新しい体験は感謝して受ける。そして、苦しむ!

2015-06-20 20:38:48 | アート・文化
 いつだって公演てのは緊張する。いや、本番の前に盛りだくさんの苦難が待ち受けている。菜の花座の公演だって、シニア演劇学校の公演だって同じことだ。舞台や照明のプランを立て、資料を作ってスタッフとの打ち合わせを済ませ、前日の仕込み、リハーサル、ゲネプロ、一つ一つ足下の大岩を踏み越えて、本番という頂きにたどり着く。

 でも、菜の花座の場合、シニアの場合、勝手知ったる演劇の世界、勝手きままなフレンドリープラザでの話しだ。それに、一緒に支えてくれる団員たちがいる、プラザの担当職員がいる、気心知れた会館スタッフがいる。つまづいたとしても、もうまいしたとしても、間違ったとしても、誰かがカバーし、サポートしてくれる。だから、ちょっとばかり事前準備に手抜かりが有ったとしても、気にせず突き進める。

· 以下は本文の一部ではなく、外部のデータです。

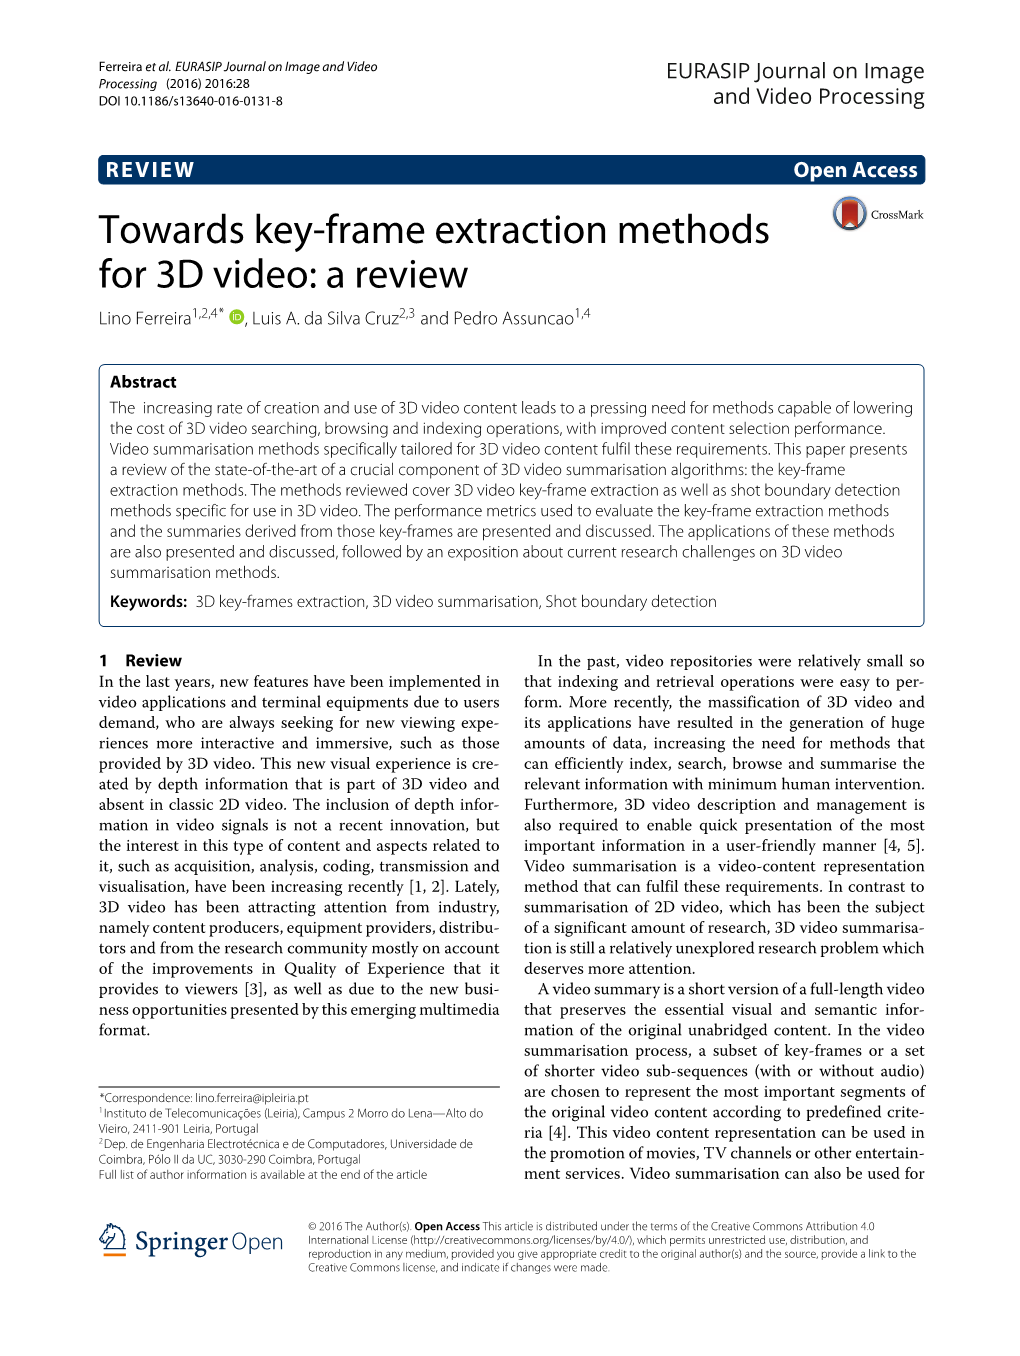 Towards Key-Frame Extraction Methods for 3D Video: a Review Lino Ferreira1,2,4* ,Luisa.Dasilvacruz2,3 and Pedro Assuncao1,4

 ところが、今回体験した本番は、分野も大きく違うクラシック音楽、たった1人の頼まれ仕事、さらに、会場も馴染みの薄い置賜文化ホールときた。従来の演奏会とは違った斬新なコンサートを作りたい、それもピアノ四重奏と映像とダンスとのコラボレーションだって言うんだ。まっ、シニア全国大会が終わってから2週間はあるし、米沢芸文祭の経験もあることだし、何とかなっぺ、って気楽に引き受けた。もちろん、依頼が憧れのピアニスト小野弘子さんだったってことが大きいんだけど。

 まっ、余裕でやり遂げられたよ、って言いたいところだけど、裏も表も、右も左も、上も下も、本音も建て前もなく、めちゃくちゃ大変だった。普段なら、舞台監督も照明もつーかーの菜の花座メンバーなのだが、これが今回はプロのスタッフ、現場でなーなーなんて効かない。事前の資料もことこまかに丁寧に仕上げて臨まざるを得なかった。しかも、森の絵の描かれた紗幕を吊ったり、ホリゾント幕を使わなかったり、演奏エリアに段差を付けたりと、こんなの音楽会じゃないだろ!ってくらいのはちゃめちゃ要求したんだから、なおのことだった。あっ、もちろん、反響板は第一部のオーソドックスな演奏以外は飛ばしてなし。照明は、演奏者の顔が見えるかどうかの暗い作り。こんな常識破り、よほどこっちに自信がなけりゃ要求できない代物だ。いやいや、型どおり進めた第一部だって、天井反響版の明かりを使わず、フロントの斜め上からの明かりだけで、って言ったら、クラシックの演奏会でそんな照明はない!って照明スタッフにきつくたしなめられた。



 スタッフ以上に気を遣ったは、演奏者だ。クラシックの演奏者、それもバリバリのプロ、こっちがやりたいと思っても、演奏に支障を来すようなら無理強いはできない。最初は、明らかに戸惑っていたね。まっすぐってわけではなくても、視線の先から光が差し込むってってことにとっても過敏だった。1人1人高さの違う段上で演奏するのも、お互いの顔も見えない、音も聞きづらいと、引き気味でった。でも、主催の小野さんの希望はそれだったから、僕が頼まれたってことも、普段仕様を越えることだったわけだから、対応できることはきめ細かに対応しつつ、大筋は聞こえの振りして頑張り通した。そう、彼らだって、経験なんだよ。いつまでも、クラシックでございます、これがバッハ以来の伝統でございます、なんてすましかえってちゃだめなんだと思う。相当にやりにくかったようだが、観客の反応は上々だったし、最後は満足とまでは行かなくとも、これもやり方だ!くらいには納得してくれたんじゃないだろうか。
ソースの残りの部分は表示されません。